Is there a way to download 22.05 image for reinstall maybe that would solve problem, I seriously considering rolling back to 22.01. -
possibly related to
https://forum.netgate.com/topic/173148/slow-dns-after-22-05/11now at least DNS resolves recover after ~15 min (when disabled DNS registration of dhcp leases) but still 15min outages is annoying
Just getting dns time out or ip address not found in browser. -
@vaidas said in Unbound dns resolver stops resolving every few days after 22.05 upgrade:
query _ta-4f66.
Or 20326 decimal.
Nothing special, '20326' is the mother of all DNSSEC keys at this moment. Its re fetched regularly. A correct fetch is the start of a good DNSSEC functionality.
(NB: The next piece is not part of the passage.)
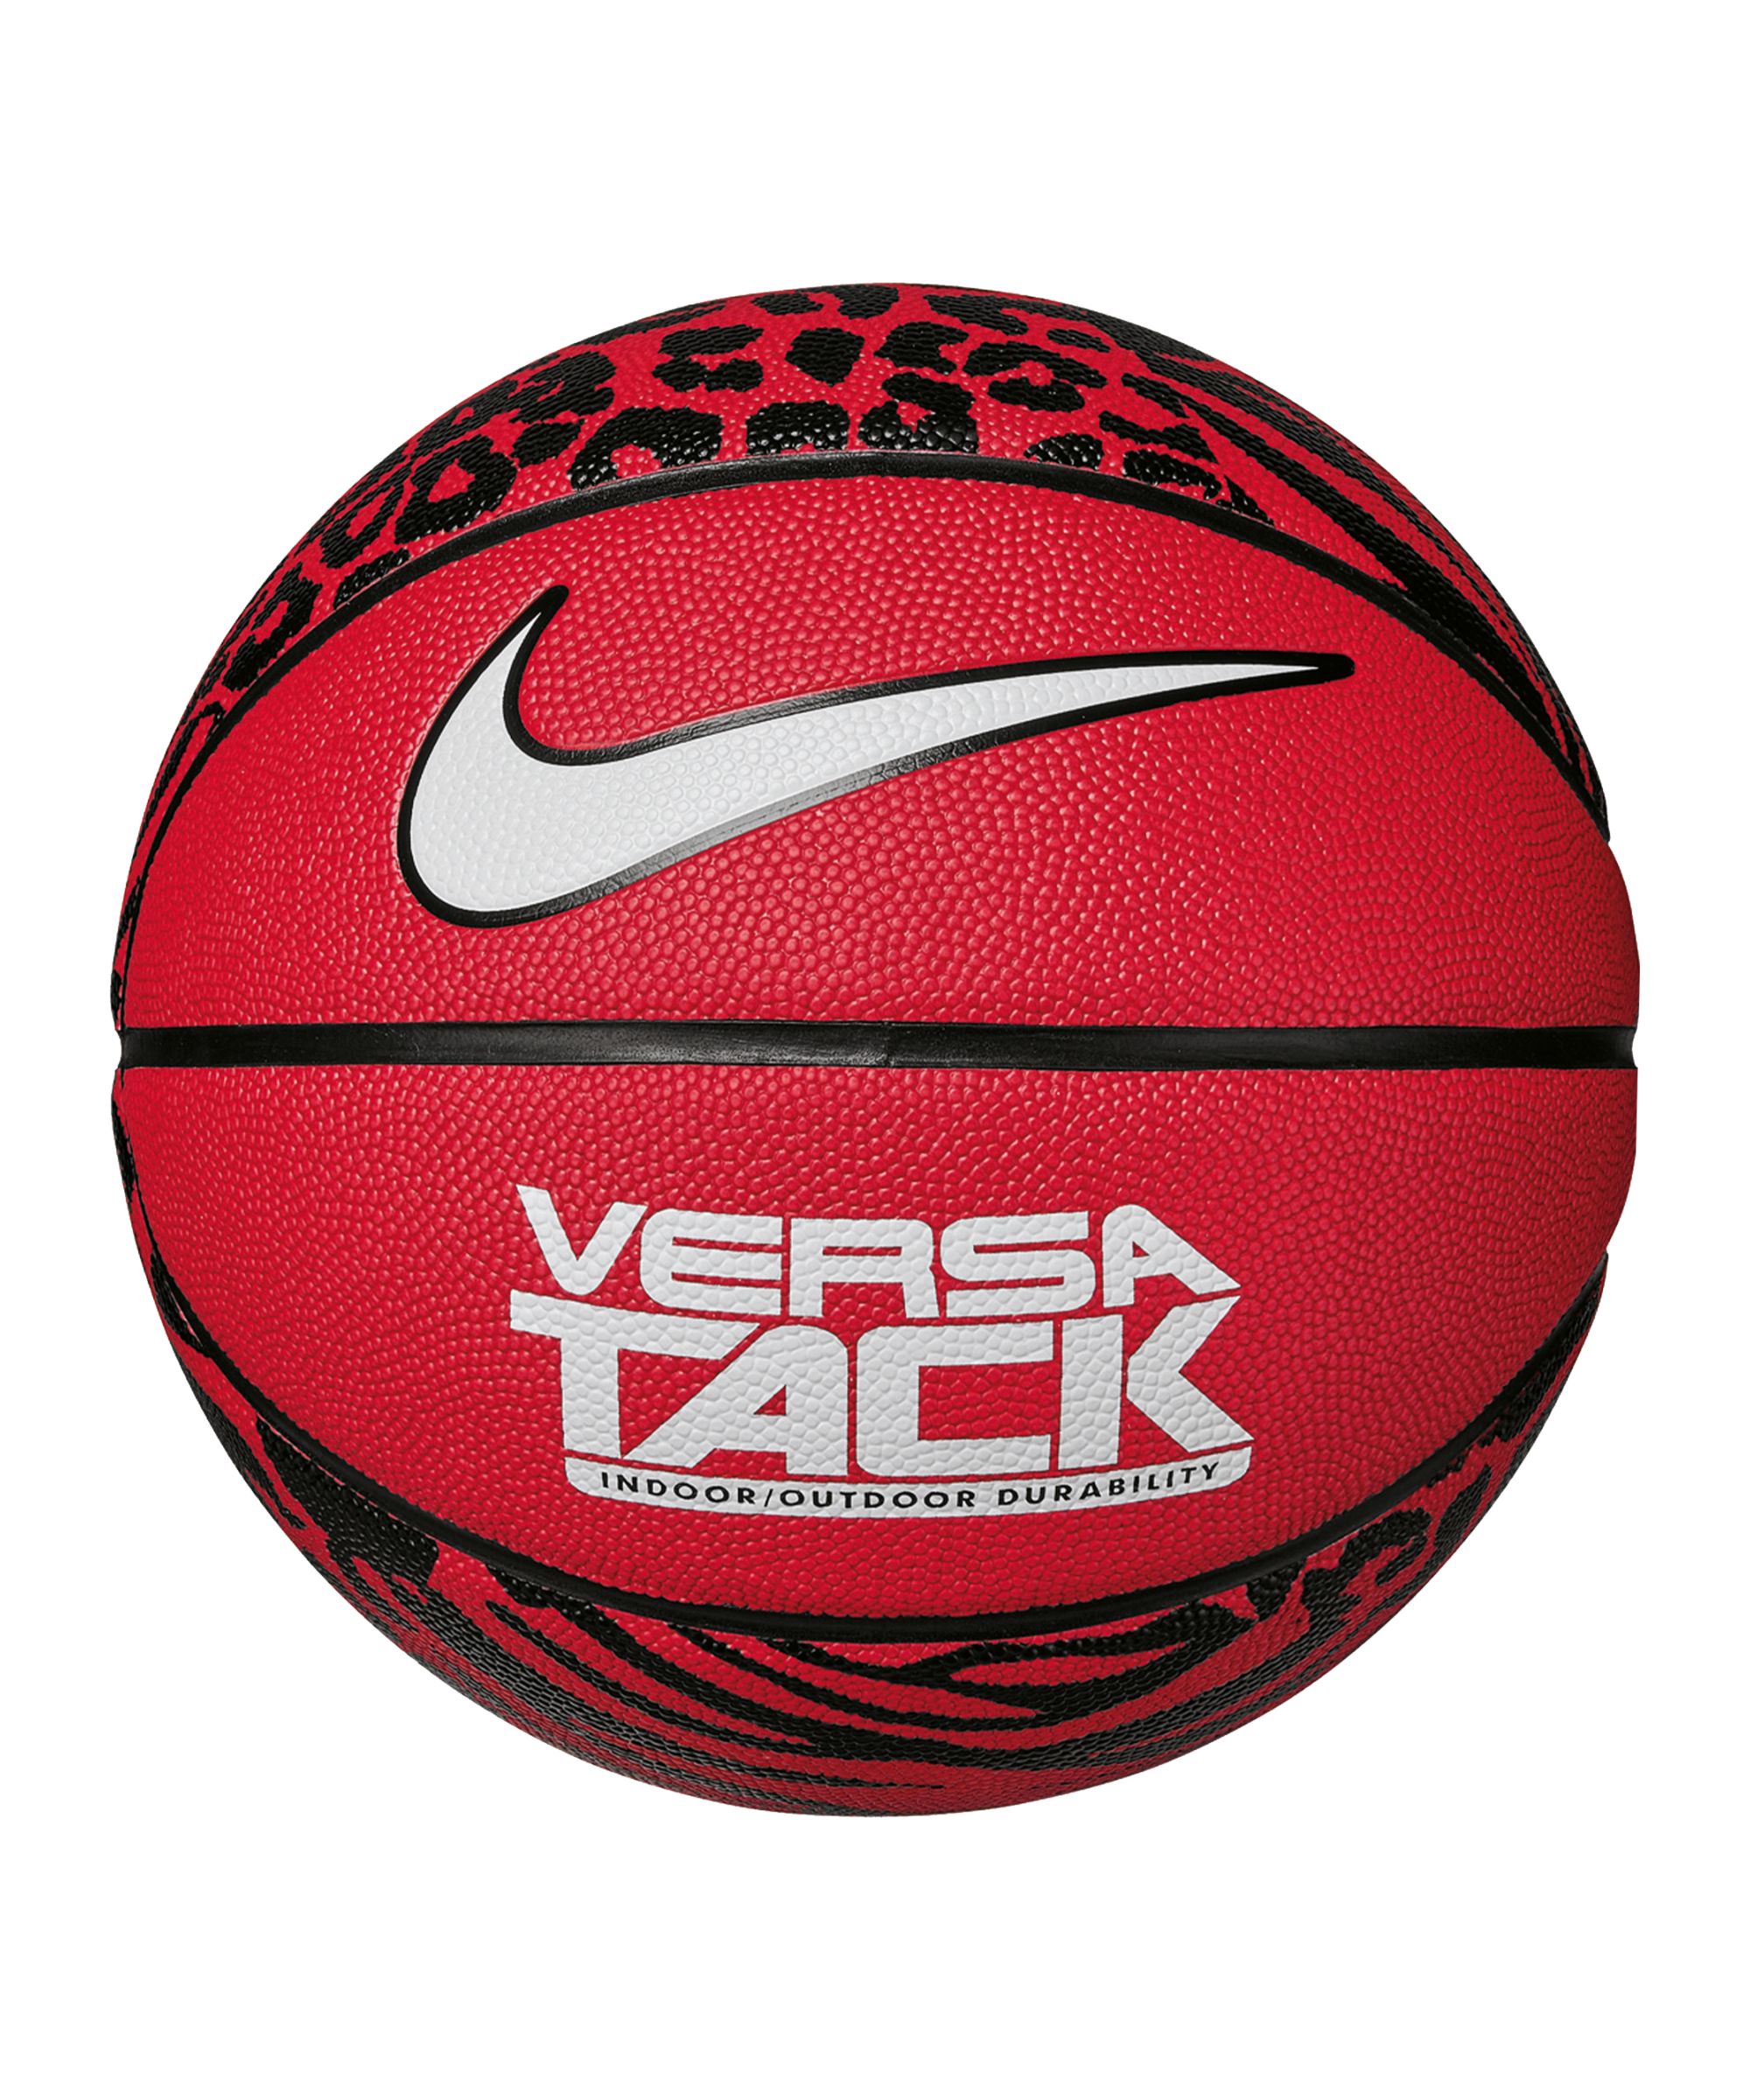 Μπάλα Nike Versa Tack Basketball

So these messages :are sometimes the only sign of life that unbound is giving while it's humming.
-
Strange but it seems that problem mostly went away after unchecking(disabling) DNSSEC setting. Still testing but for a more then a day I haven't seen any problems.
Even reenabling register DHCP leases did not cause any noticeable problems.
-
@vaidas said in Unbound dns resolver stops resolving every few days after 22.05 upgrade:
unchecking(disabling) DNSSEC setting.
DNSSEC is an extension of DNS. It's a complicated thing, but 'on the wire' you'll find some more requests. There are the use A, AAAA, PTR, MX, CNAME. Added to that, thewe will be some DS, NSEC and DNSKEY.
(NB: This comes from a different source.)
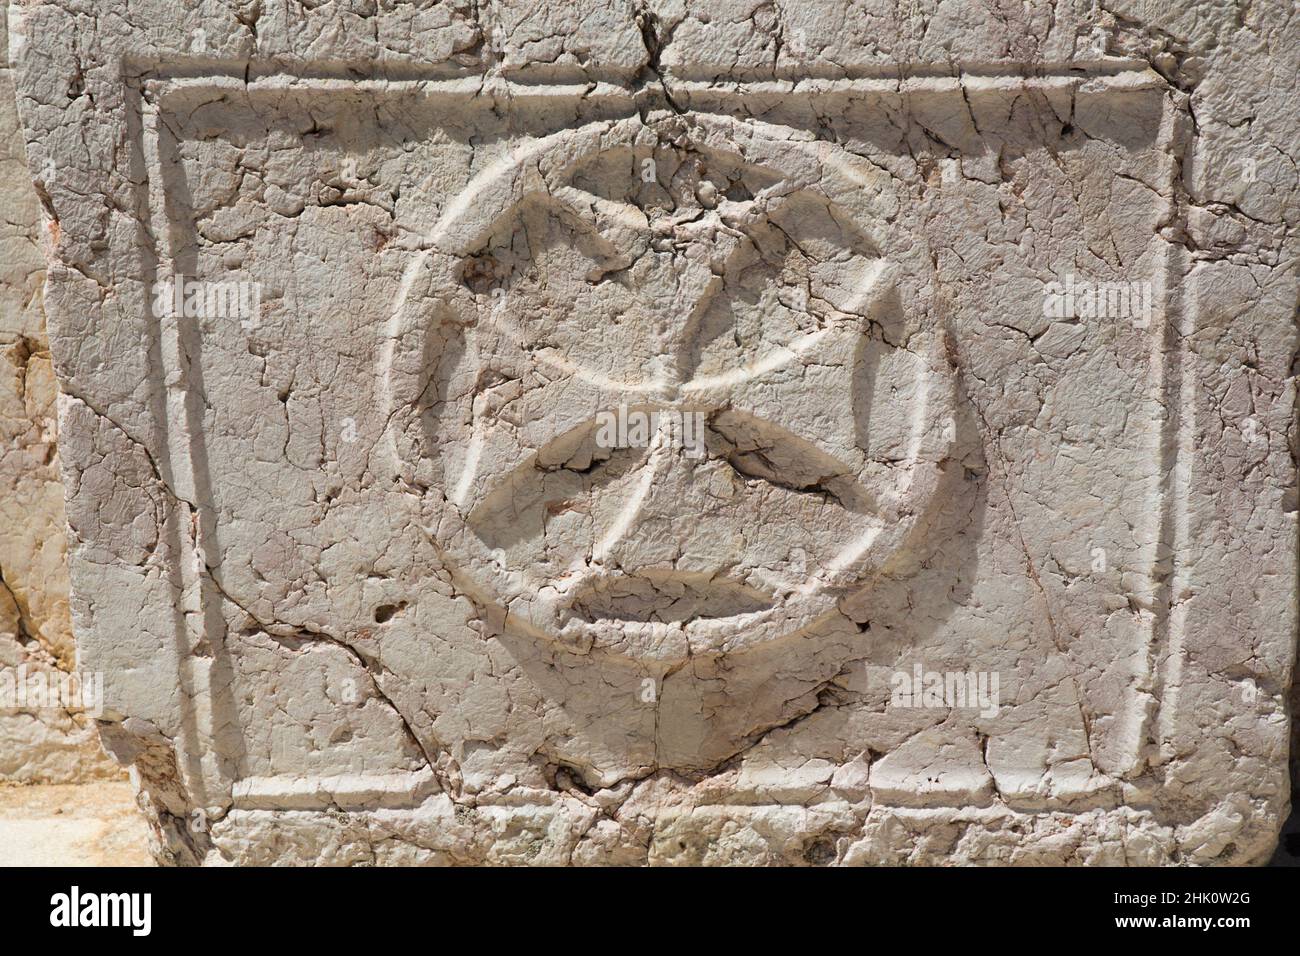 Symbole de croix des chevaliers de Saint John, place des martyrs hébreux, vieille ville de Rhodes, Rhodes, Groupe des îles Dodécanèse, Grèce Banque D'Images

These are just other UDP TCP packets addressed to the same DNS name servers unbound was already talking to.
If these are unknownon the domain name server, no issue, unbound proceeds without DNSSEC checking without any time lost.
Most, if not all TLDs (com org net etc etc etc) are DNNSEC signed.
The top level dot "." are signed , that's the 4f66 key you see in the unbound logs.
If a web site owner took the time to sign its domain name, like this one, a domain name I own/rent, the the entire chain will be ok, and dnssec will work.
DNS will work with DNSSEC as nearly fast as without DNSSEC.It should not make DNS work slower or worse or something like that. If that's the case, there is an underlying access- or DNS problem.
-
I own a Netgate 6100 and have been having the same issue. DNS resolving went to shit after 22.05 update. Until then it was working fine. Most of times wouldnt resolve until after a restart. have had to resort to 4G a few times :-(
I have been fiddling with a few settings but I think these last 2 have made it better for me:
Untick Enable DNSSEC Support
And on the outgoing interfaces I reduced it to only use WAN ( removed my VPN outgoing interfaces ).
I will be changing everything back to what I was using before the update but want to confirm slowly each option to try to single out the one that has broke it for me.
Will keep an eye here and in this other thread https://forum.netgate.com/topic/173148/slow-dns-after-22-05
to see if anyone has managed to single out the main issue...Kind of big one for Netgate... not sure how they managed to screw this one.
-
@pajinha said in Unbound dns resolver stops resolving every few days after 22.05 upgrade:
not sure how they managed to screw this one.
The forum mentions a couple of 'DNS' issues since 22.05.
But, what is a couple ?
22.05 has been downloaded and installed many thousands times (I can't tell, but I'm pretty sure).@pajinha said in Unbound dns resolver stops resolving every few days after 22.05 upgrade:
( removed my VPN outgoing interfaces )
If your DNS also goes over this VPN and the VPN is bad - as this can happen, they are not all equal and perfect - then, yeah, DNS looks bad.
Because your uplink is bad.
DNS is mostly UDP, these can get lost. unbound won't hammer away, and return a SERVFAIL.
TCP get renegotiated and is far more resilient.For now, my DNS using 22.05 using default settings and no VPN is working as before. And don't tale my word for it, see for yourself.